The problem: The answer is to be an exact copy of the lines below running from the line with "Zebra Zone 450 Label Printer" down to the line with "С первым снегом, друзья!", both ends included, and nothing more.

*** Data for this exercise ***

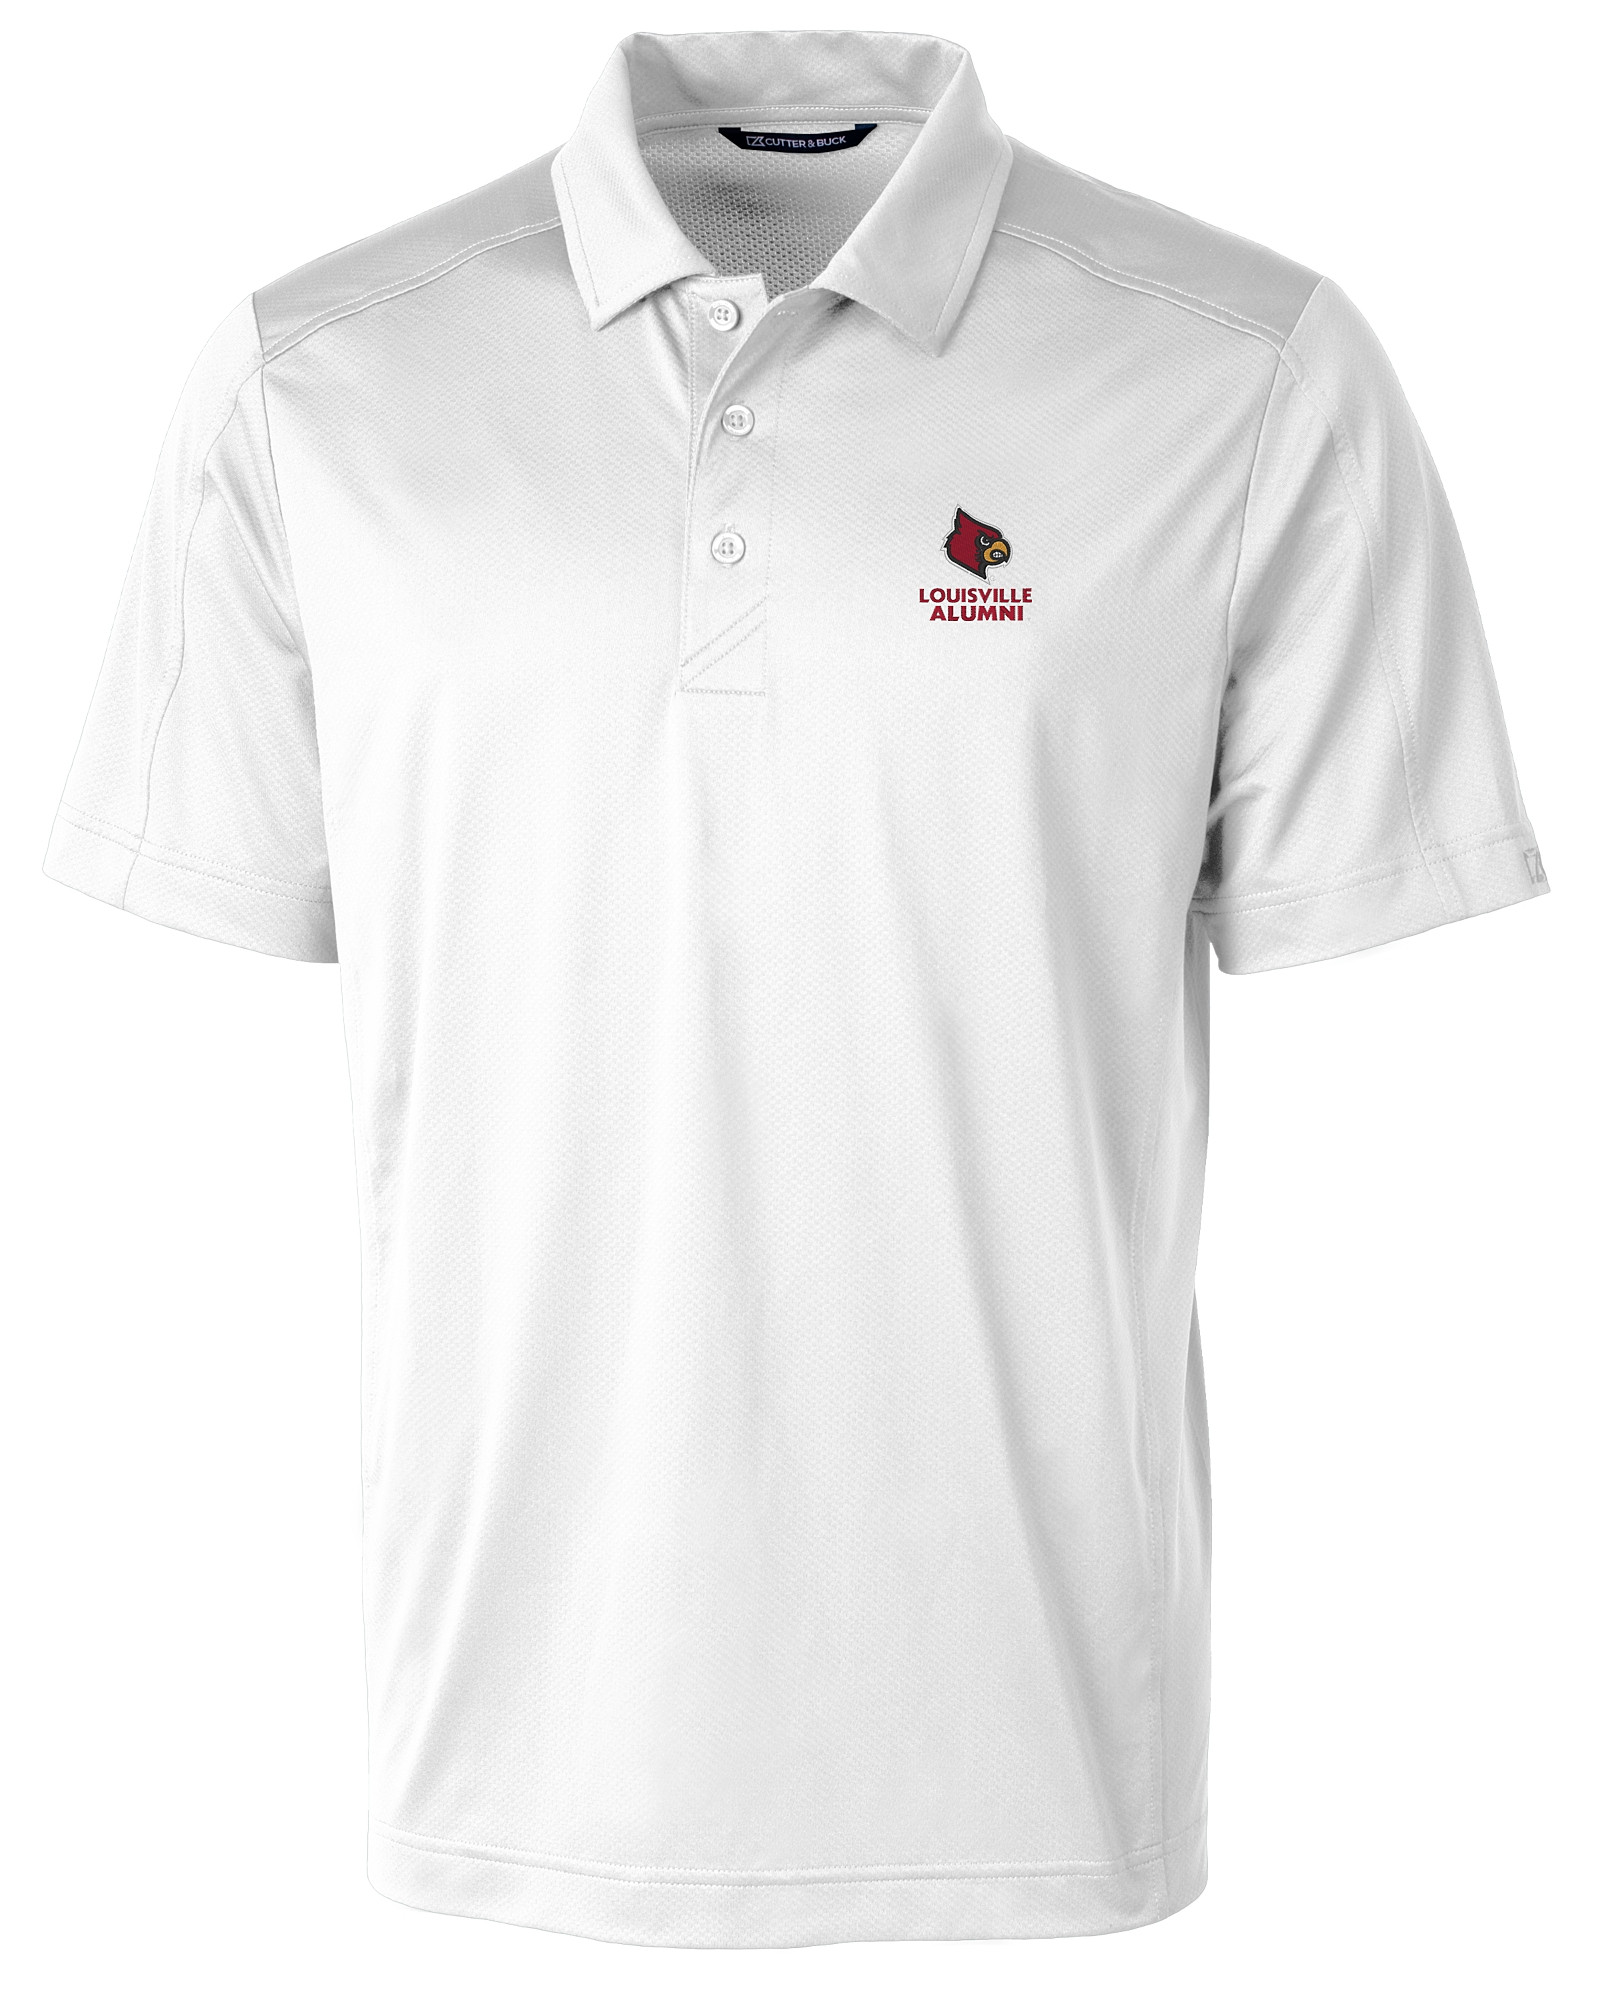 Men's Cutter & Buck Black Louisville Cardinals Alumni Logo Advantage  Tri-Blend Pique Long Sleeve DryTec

***
*** Data for this exercise ***

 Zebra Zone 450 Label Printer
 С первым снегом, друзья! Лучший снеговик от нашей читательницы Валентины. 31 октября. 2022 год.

***

Output:
 Zebra Zone 450 Label Printer
 С первым снегом, друзья! Лучший снеговик от нашей читательницы Валентины. 31 октября. 2022 год.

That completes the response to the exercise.